[Web4lib] Link Checking Services

Tue Jan 30 11:33:17 EST 2007

> -----Original Message-----
> From: web4lib-bounces at webjunction.org
> [mailto:web4lib-bounces at webjunction.org] On Behalf Of Valerie Reid
> Sent: Tuesday, January 30, 2007 8:24 AM
> To: web4lib at webjunction.org
> Subject: [Web4lib] Link Checking Services
> 
> We currently subscribe to a link-checking service which checks all the
> links
> on our library's web site and sends me a report on a weekly basis...

Without knowing any of the products that have been mentioned so far, I
will point out one thing to look for.  When I've played with link
checkers in the past, they were all pretty reliable about finding
"bad" links - that is, links that when requeted return something other
than a 200 ("OK") status code.  Unfortunately, there are a lot of
sloppy/clueless/too-clever-by-half webmasters out there, and I have
not seen link checkers that cope well with these situations.

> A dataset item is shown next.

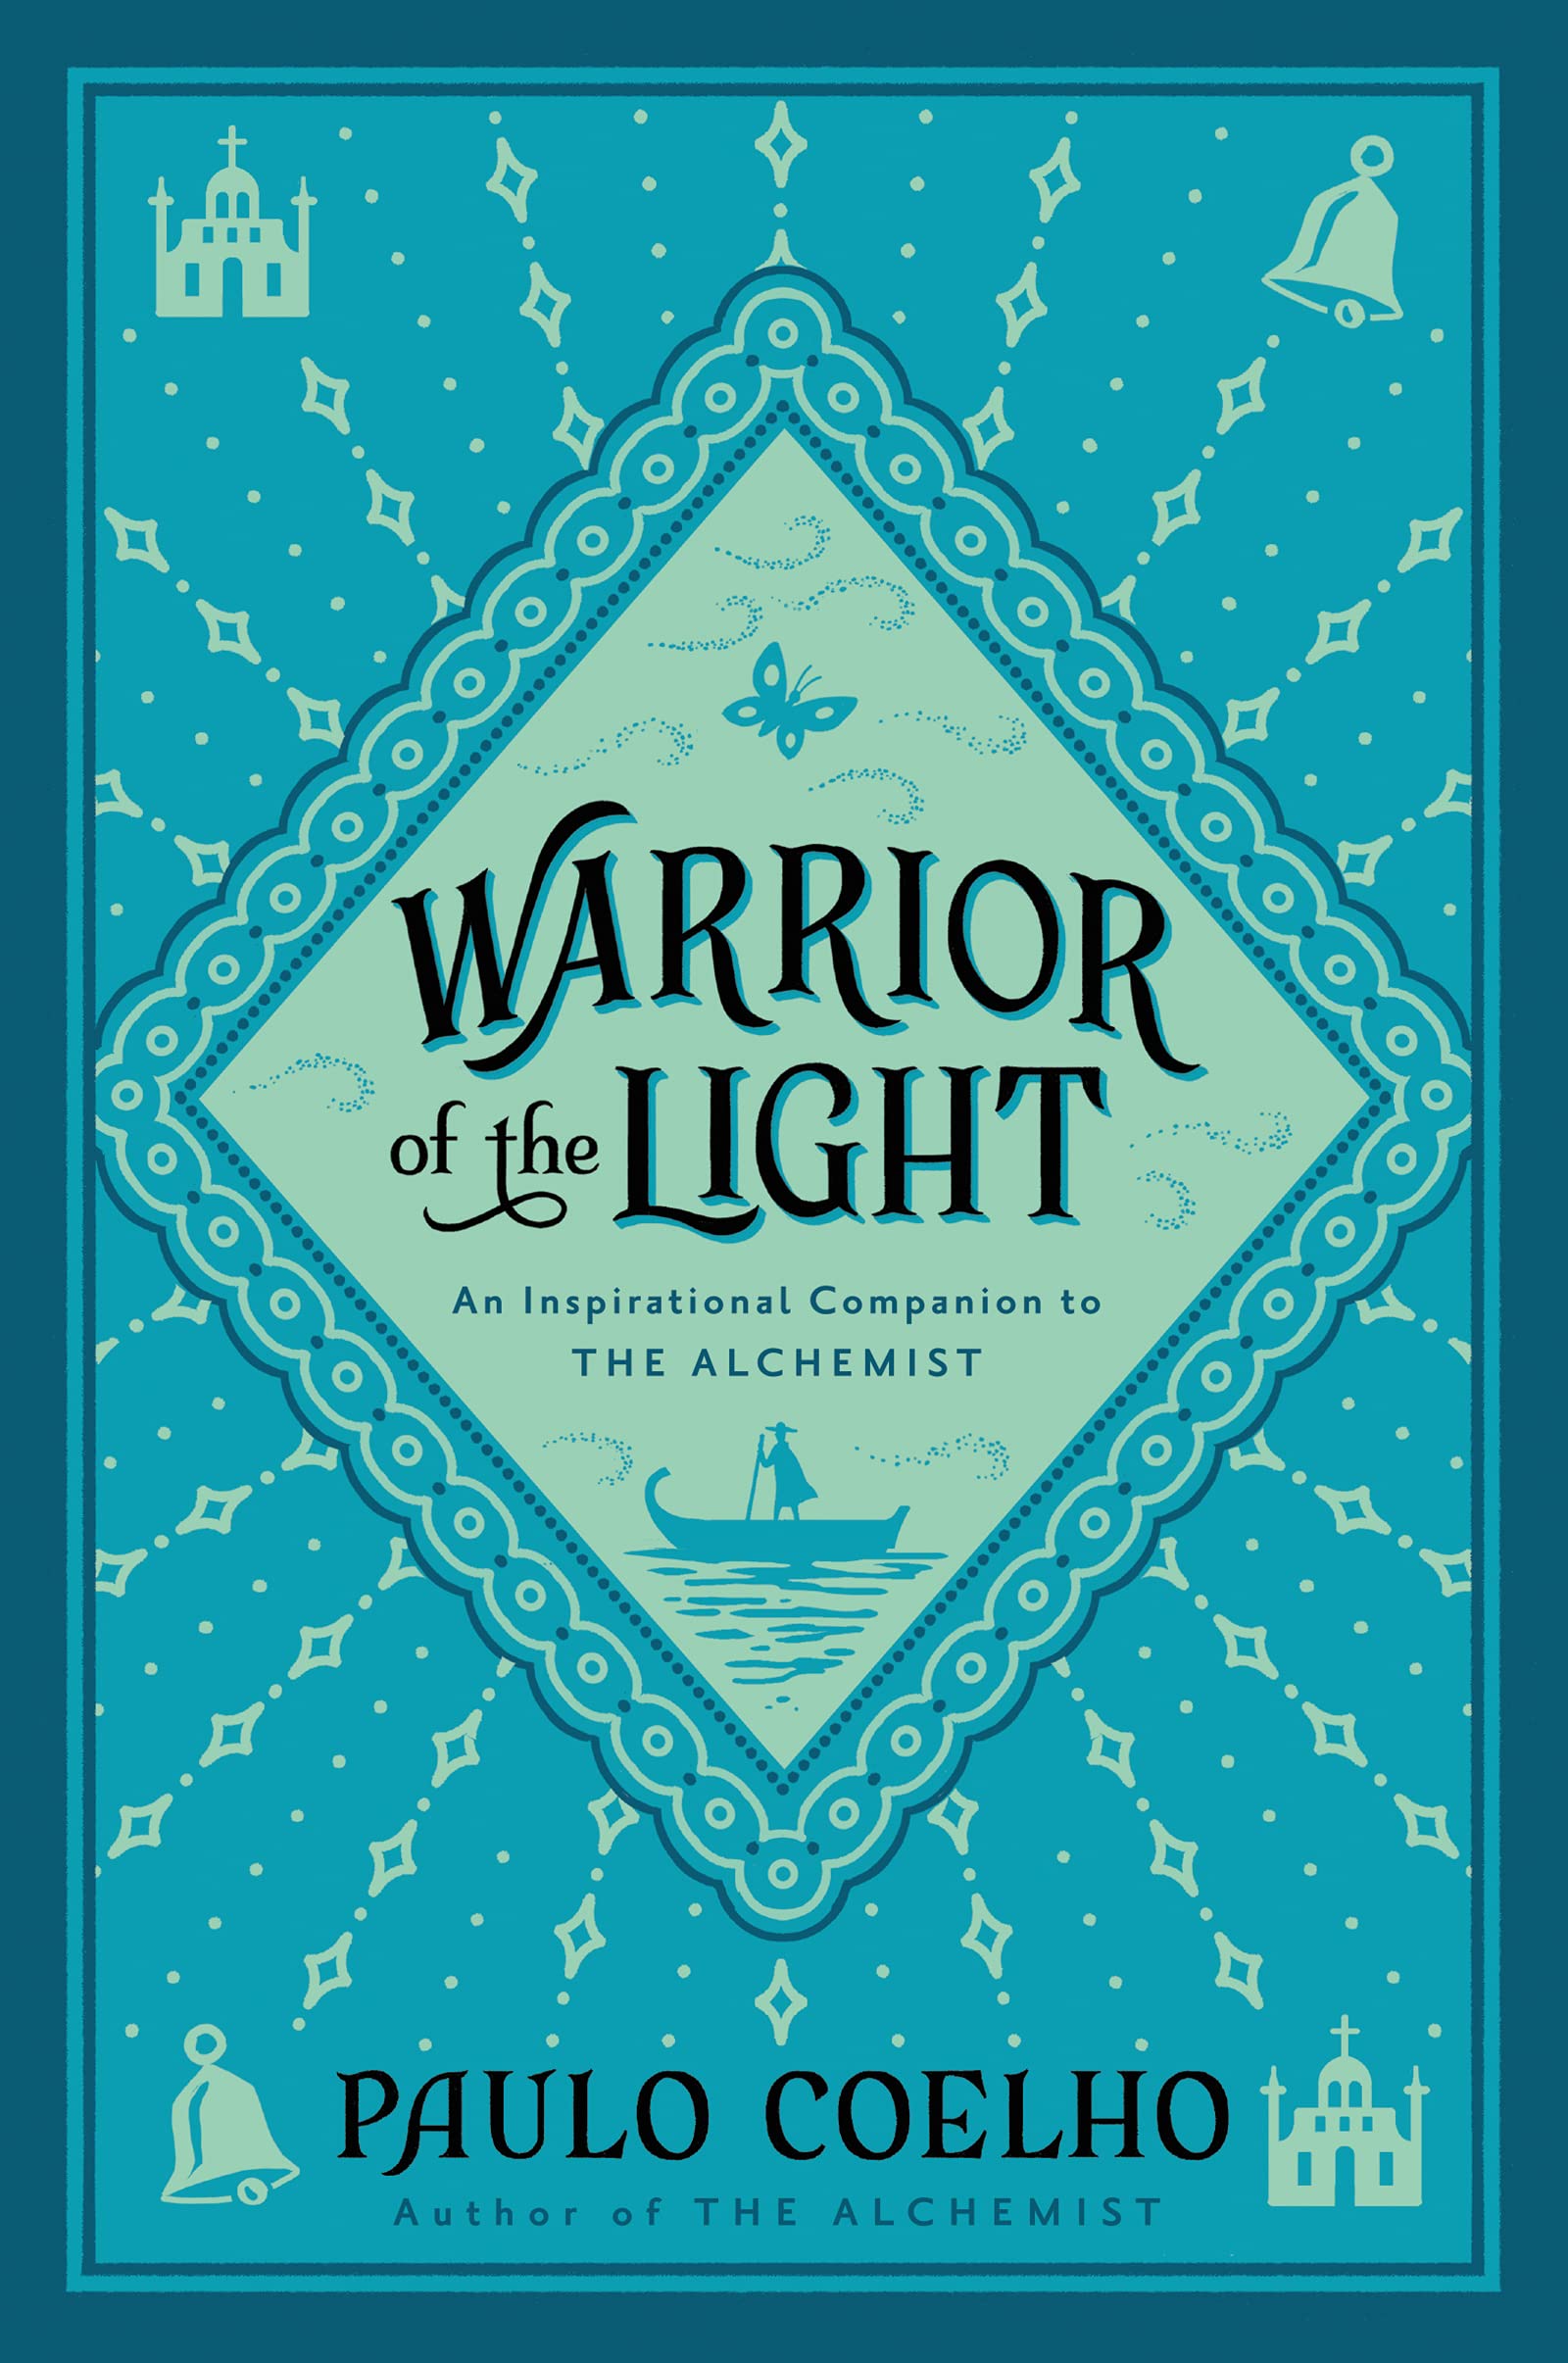 The book cover for Warrior of the Light.

  - Getting a 200 status page that actually says either "Page Not
    Found" or "Page has moved <a href='foo.html'>here</a>".  With that
    200 status, this won't be reported as a broken link.

  - Getting a 200 from a page that uses Javascript to redirect you to
    an updated URL.  Again, this won't show up in the report, and the
    real URL may not be checked.

  - Getting a 200 page that says "This domain name is for sale - want
    some herbal supplements?"

  - Getting a 302 (temporary redirect) to a page that says "Page Not
    Found".

  - Getting a 302 to a page that says "You must enable cookies to
    appreciate our wonderful site"

  - Getting a 302 from http://site/real.page to
    http://site/real.page?session=temporary_id.

  - Getting a 500 ("server error"), 401 ("unauthorized") or 403
    ("forbidden") because some misguided bit of browser sniffing balks
    at talking to your link checker.

Is there anything out there that addresses any of these issues in any
way?

-- 
Thomas Dowling
tdowling at ohiolink.edu